Data Protection Officer information - provide any information you want to with the help of the editor.

In the customer's account the new tab called Privacy Settings is added:

From this page, customers can:

  • download all their personal data in the CSV format;
  • anonymize their personal information;
  • request for account removal;
  • opt-in or opt-out from optional consent;
  • see the contacts of the DPO.
To improve customers' experience, the module also adds links to policies text in a customer account. See the way it looks like on the screenshot below.

By click on any link, a popup with corresponding policy text appears.
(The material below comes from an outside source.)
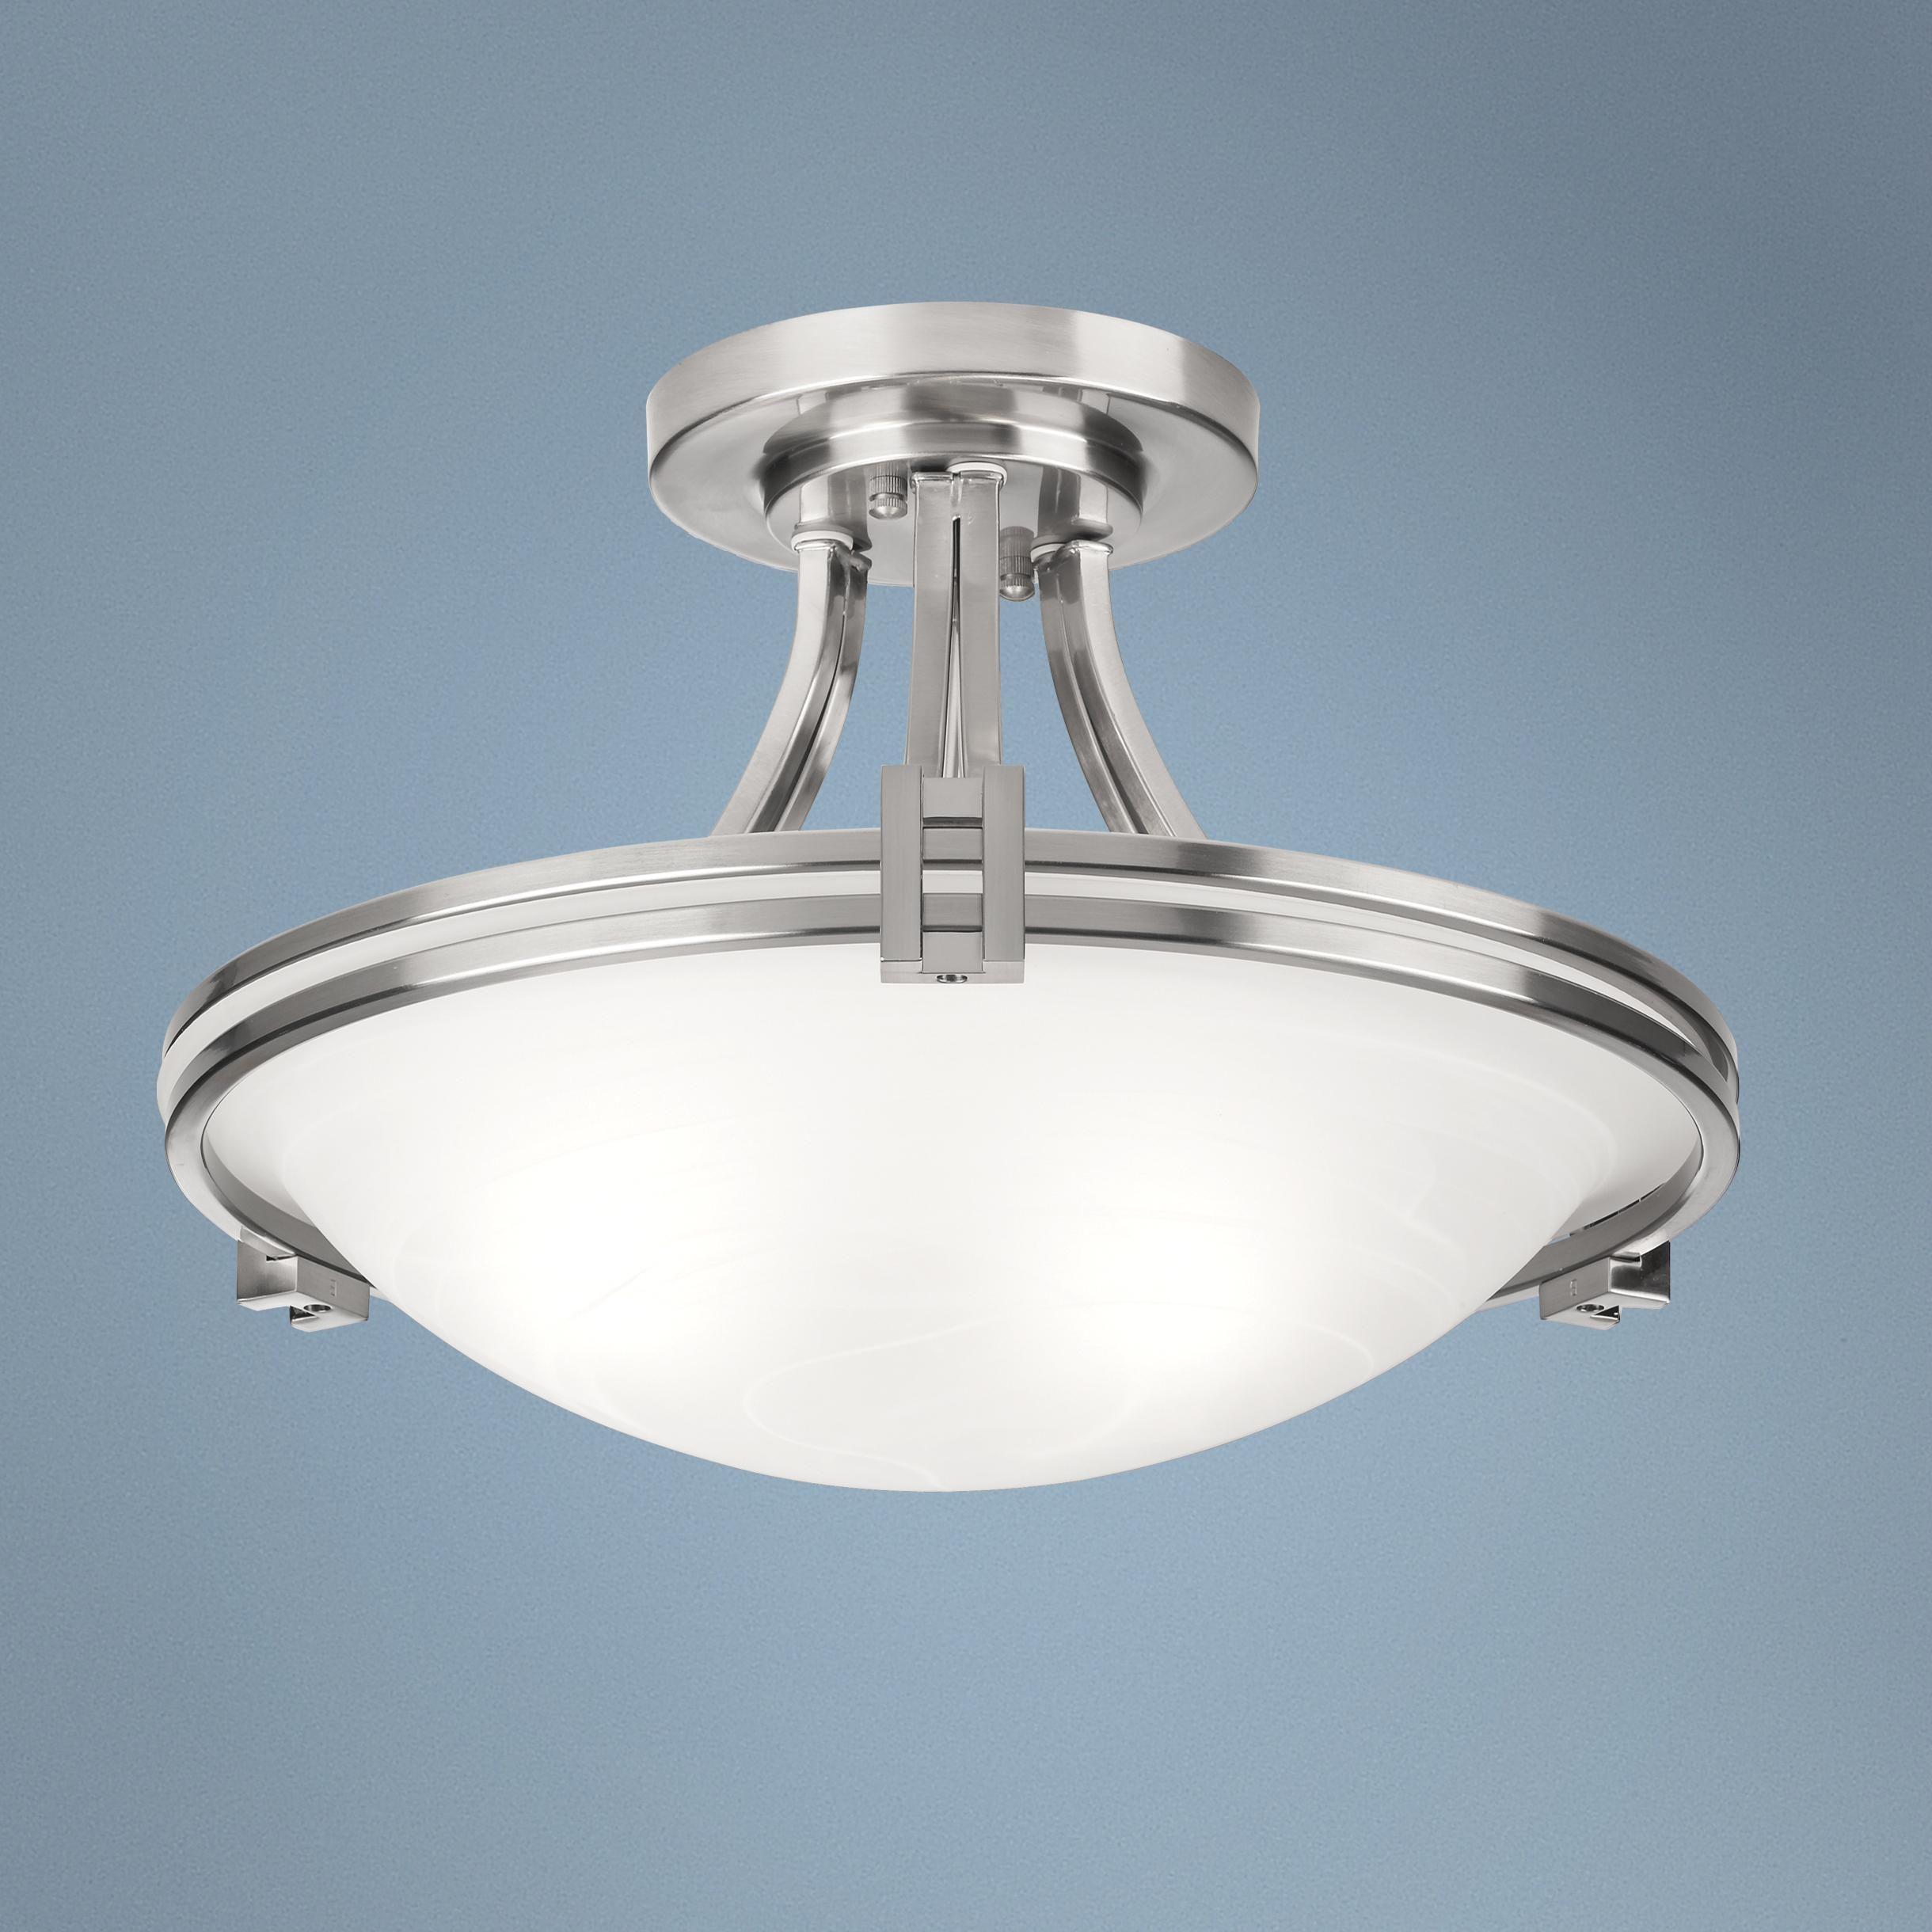 "Possini Euro Deco 16"" Wide Brushed Nickel Ceiling Light"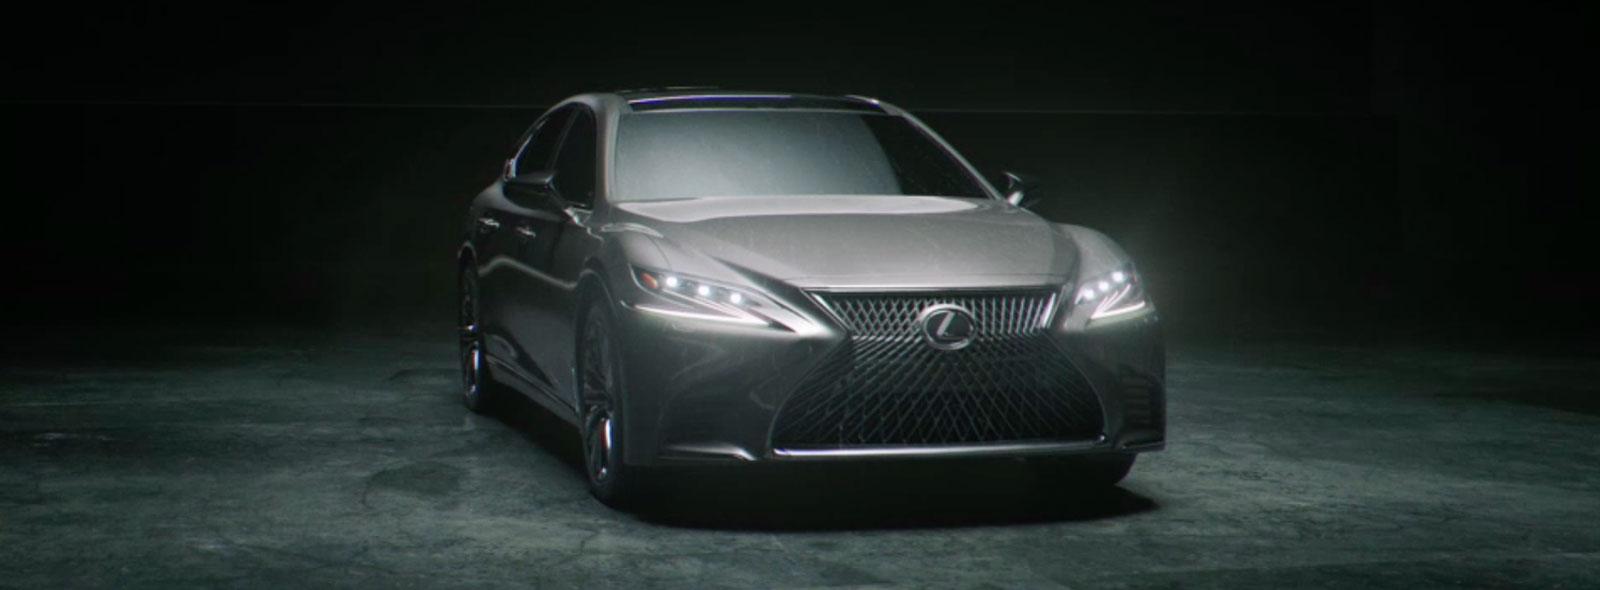 Videobild Lexus LS 500

{{ :magento_2:gdpr:5.png |

Privacy Settings for Guests

Guest visitors have also some options to manage their personal data. Guests can't delete their accounts (as they don't have ones), but other options are available for them.

To get the info, guests should go to the Orders and Returns page.

Find a particular order and scroll down.

Here a guest visitor can download the data collected during the particular order processing or anonymise it.

Personal Data Deletion and Anonymization

Automatic Personal Data Deletion

In this section you may configure an Automatic Personal Data Deletion for customers that stopped using your website. You can set up the time interval from the last customer's order in days, and after it expires the extension will automatically create a deletion request on the 'Delete Requests' grid.

Delete Personal Data of Abandoned Customer’s Accounts - set to Yes to activate an automatic personal data deletion option.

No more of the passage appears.